Resumo supervisionado por jornalista.

Existe uma cena que se repete diariamente em perfumarias e telas de celular pelo Brasil inteiro: uma consumidora para na frente de uma gôndola e passa vários minutos comparando produtos, lendo avaliações, verificando ingredientes e calculando o custo por aplicação antes de colocar qualquer coisa no carrinho. Essa cena, que poderia parecer indecisão, é na verdade o retrato mais preciso do comportamento de quem compra beleza em 2026. O consumidor brasileiro ficou mais criterioso, mais bem informado e muito mais consciente do valor percebido em cada compra.

Essa mudança de comportamento acontece em um momento em que o mercado de beleza segue crescendo, mas sob a lógica de consumo muito diferente da observada antes da pandemia. Os dados confirmam essa percepção com números expressivos: o mercado de beleza no Brasil movimentou cerca de US$ 27 bilhões em 2024, posicionando o país entre os cinco maiores do mundo no segmento, e a previsão da ABIHPEC e da Statista é que esse número chegue a US$ 32 bilhões até 2027. Globalmente, o relatório State of Beauty 2026 da NielsenIQ, publicado em março deste ano com dados de 52 mercados e 9 categorias, registrou crescimento de 10% nas vendas de beleza em relação ao ano anterior. O mercado continua crescendo, mas a relação com o consumidor de beleza mudou estruturalmente, e entender essa transformação passou a ser a decisivo para o varejo.

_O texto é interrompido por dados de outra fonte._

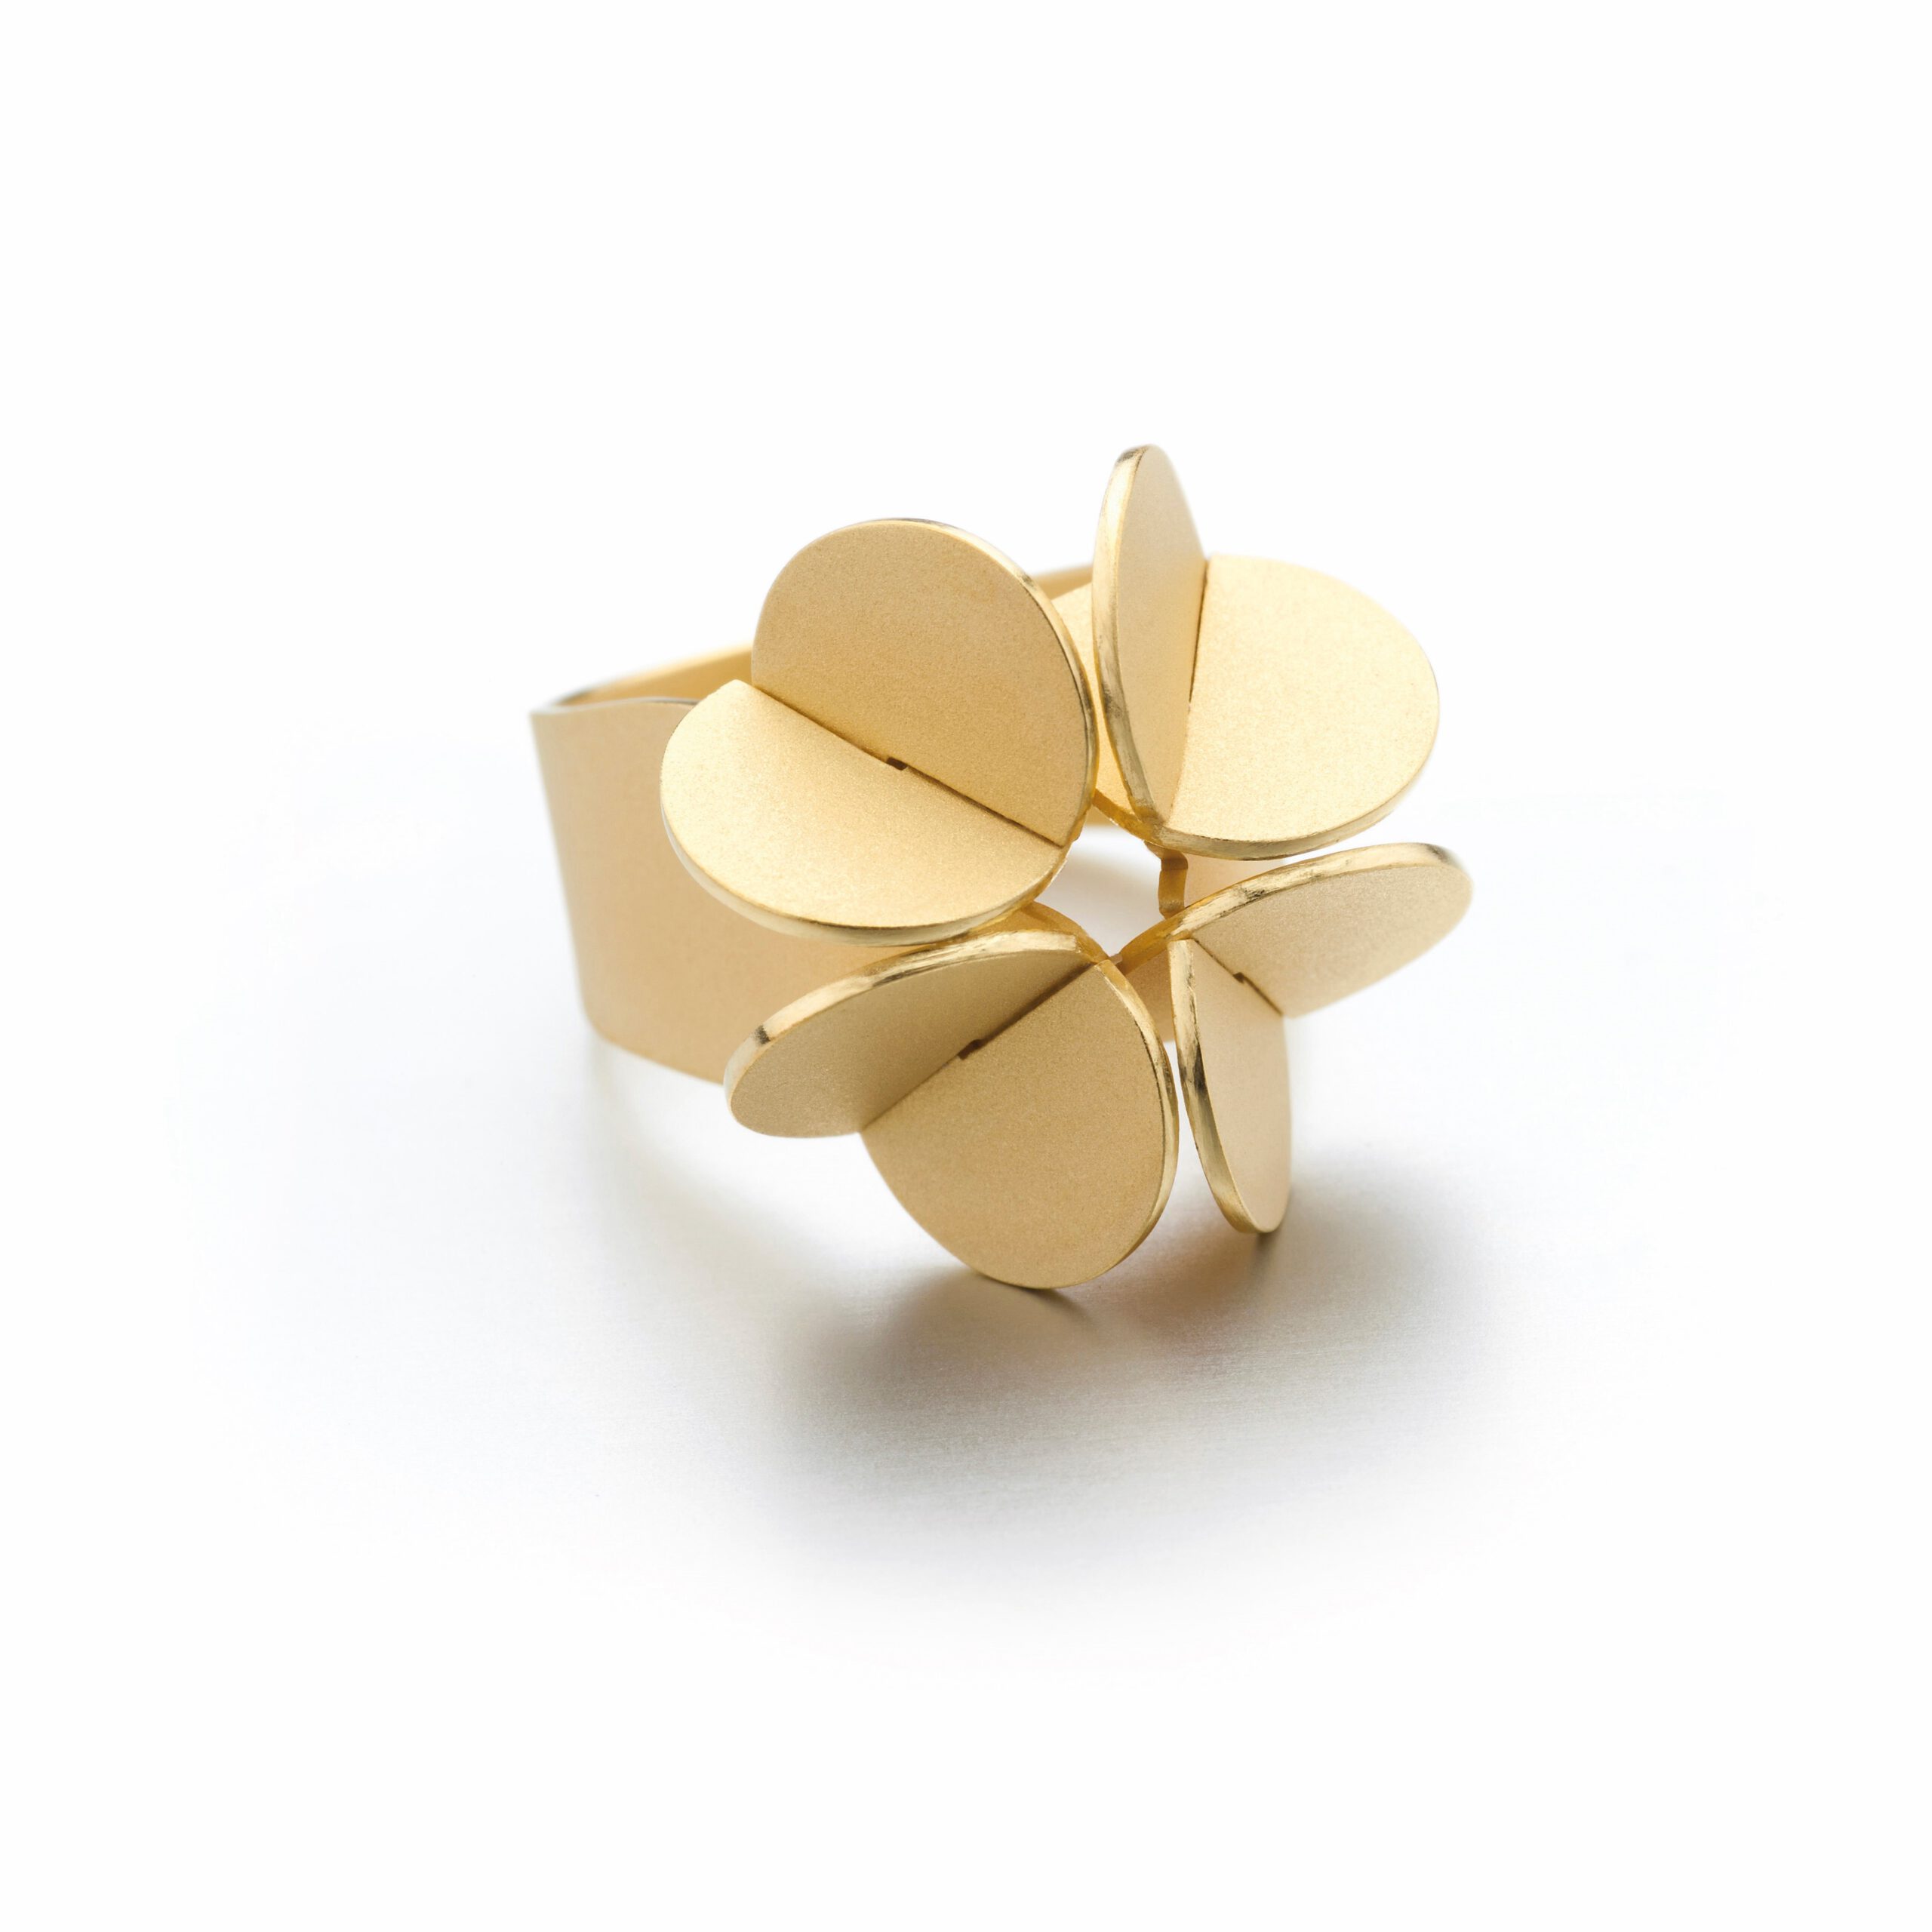 "Blatt Art" ist ein besonderer Gold-Ring aus aus der Goldschmiede Grosche, Nähe Dortmund.

Entre a cautela e o pequeno prazer

Pedro Fernandes, sócio da McKinsey & Company, tem uma frase que sintetiza com precisão o que está acontecendo com quem compra beleza no Brasil hoje: “O consumo ficou mais racional, mas não deixou de ter um lado emocional.” É nesse espaço aparentemente contraditório que o varejo de beleza opera em 2026.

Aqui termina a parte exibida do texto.